Eye For Film >> Movies >> Ronin (1998) Film Review
If it wasn't for Robert De Niro, Ronin would go straight to video. With him, it goes straight down the drain. Essentially, a heist caper, with a League Of Gentlemen gang of hand-picked crooks, it is really an excuse to have a heck of a car chase through Paris, hopefully not too reminiscent of what happened the night the princess died.
The script is caked with clichés, including an ending stolen from Hitchcock's The Man Who Knew Too Much. It seems the Irish are running the show, with Dierdre (Natascha McElhone) in charge of the lads and Seamus (Jonathan Pryce) piffling about like a nanny who has lost her pram.
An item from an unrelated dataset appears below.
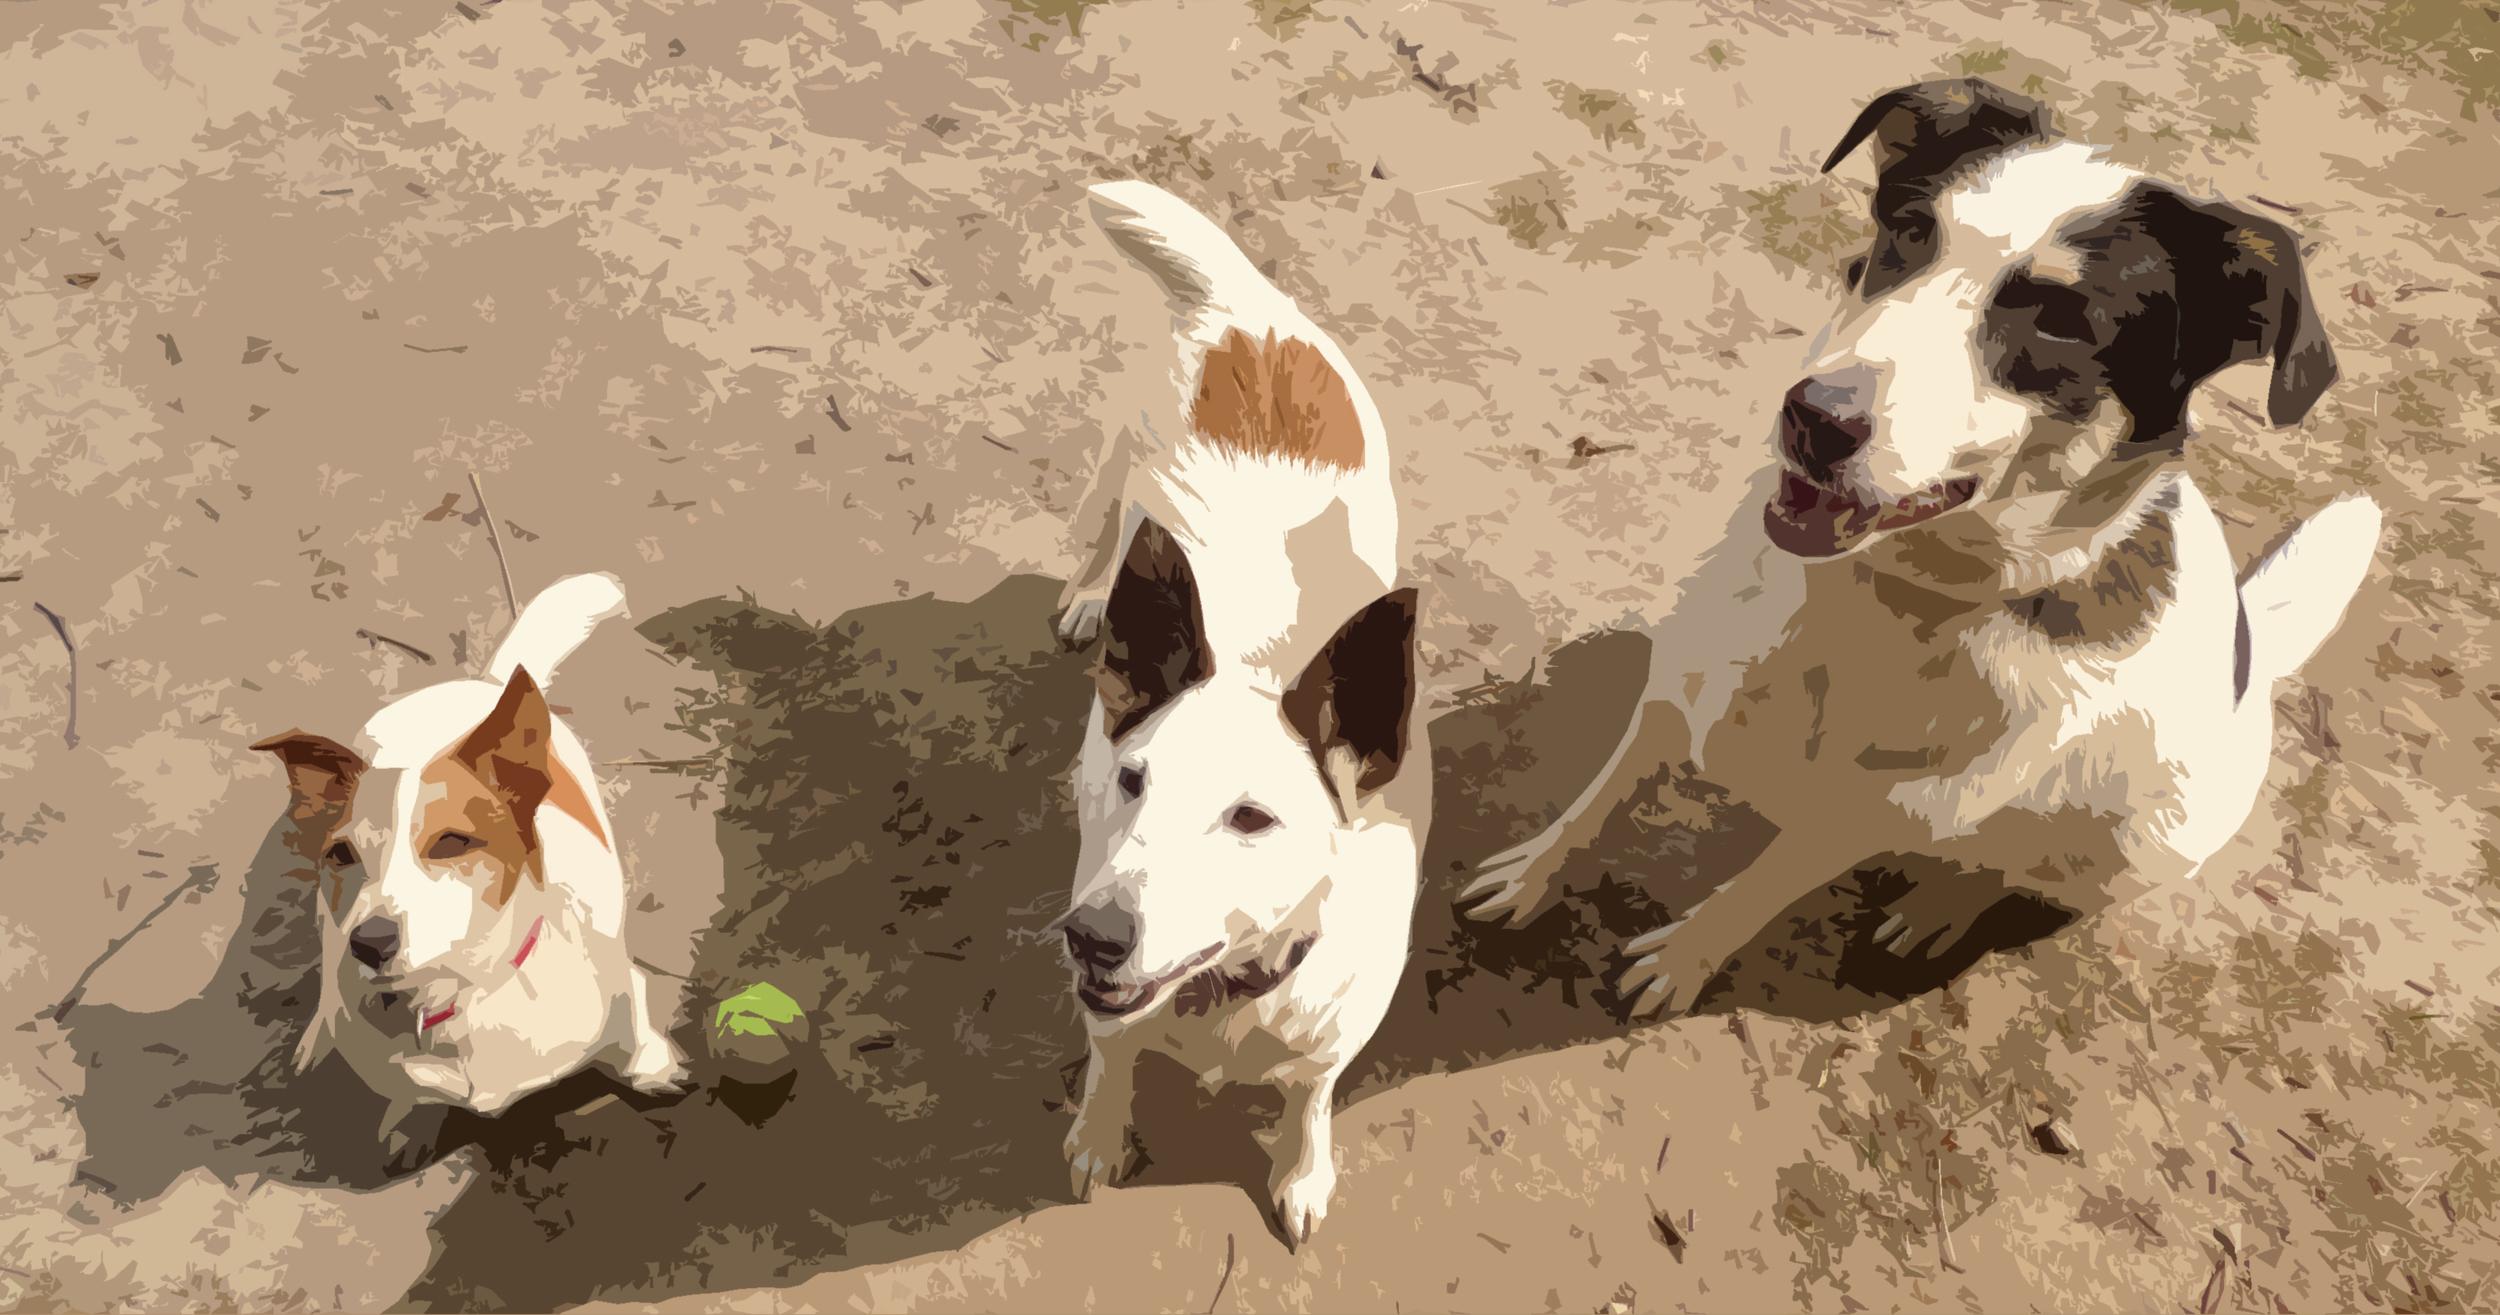 cutout 3 dogs.jpg

De Niro, Jean Reno, Sean Bean, Stellan (Breaking The Waves) Skarsgård and another bloke whose name escapes me have been brought to France to meet the lissome Dierdre.
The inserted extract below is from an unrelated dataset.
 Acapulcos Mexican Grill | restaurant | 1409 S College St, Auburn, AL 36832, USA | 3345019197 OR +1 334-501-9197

She explains the job by not explaining it and discusses rates of pay, as if they didn't know already. They have to ambush a car (or cars) and retrieve an aluminium case. They aren't told what's in the case, or how many men are riding shotgun. The Oirish, it seems, are fully incompetent and yet these so-called experts (we never know the extent of their expertise) go along with it. "No questions, no answers," the narrator mumbles. "That's the business we're in." Oh, right!
The plot isn't worth the breath of a thought. Faced with B-picture cardboard, the actors make their stand. De Niro plays a renegade ex-CIA operative with deep conviction (he can't do otherwise). Reno has been typecast by Hollywood. He doesn't need to speak. McElhone has been asked to be a tree. She's good at it.